INPUT FOR THIS TASK -
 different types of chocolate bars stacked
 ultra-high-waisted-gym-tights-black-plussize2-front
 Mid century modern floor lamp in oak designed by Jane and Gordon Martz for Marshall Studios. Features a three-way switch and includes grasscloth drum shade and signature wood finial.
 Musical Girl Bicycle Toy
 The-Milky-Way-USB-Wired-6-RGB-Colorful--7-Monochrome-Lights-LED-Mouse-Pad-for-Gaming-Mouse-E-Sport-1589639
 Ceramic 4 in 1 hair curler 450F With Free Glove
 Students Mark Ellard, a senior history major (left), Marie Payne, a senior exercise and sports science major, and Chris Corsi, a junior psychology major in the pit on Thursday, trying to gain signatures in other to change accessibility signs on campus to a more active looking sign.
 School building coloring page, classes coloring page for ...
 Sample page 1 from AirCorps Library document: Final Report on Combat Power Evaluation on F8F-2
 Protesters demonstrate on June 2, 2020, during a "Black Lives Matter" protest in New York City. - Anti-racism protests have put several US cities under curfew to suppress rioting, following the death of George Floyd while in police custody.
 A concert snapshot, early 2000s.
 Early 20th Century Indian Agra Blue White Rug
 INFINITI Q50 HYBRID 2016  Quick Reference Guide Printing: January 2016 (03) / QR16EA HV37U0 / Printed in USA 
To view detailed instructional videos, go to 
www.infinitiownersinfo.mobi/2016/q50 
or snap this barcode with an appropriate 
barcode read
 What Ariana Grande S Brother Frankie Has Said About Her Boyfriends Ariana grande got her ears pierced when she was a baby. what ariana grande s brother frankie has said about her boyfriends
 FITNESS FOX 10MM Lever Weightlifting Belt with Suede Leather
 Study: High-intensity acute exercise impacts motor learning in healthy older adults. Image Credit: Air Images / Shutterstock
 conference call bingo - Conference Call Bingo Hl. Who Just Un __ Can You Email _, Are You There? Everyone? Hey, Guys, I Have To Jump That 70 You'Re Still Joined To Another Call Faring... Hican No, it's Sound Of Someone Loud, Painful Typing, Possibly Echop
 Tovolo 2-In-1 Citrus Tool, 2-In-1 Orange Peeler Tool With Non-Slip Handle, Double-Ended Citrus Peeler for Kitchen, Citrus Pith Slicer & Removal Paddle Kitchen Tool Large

PROBLEM REQUIREMENTS - Look over the listing. Pull out every line with the string "exercise" in it.

YOUR RESPONSE -
 Students Mark Ellard, a senior history major (left), Marie Payne, a senior exercise and sports science major, and Chris Corsi, a junior psychology major in the pit on Thursday, trying to gain signatures in other to change accessibility signs on campus to a more active looking sign.
 Study: High-intensity acute exercise impacts motor learning in healthy older adults. Image Credit: Air Images / Shutterstock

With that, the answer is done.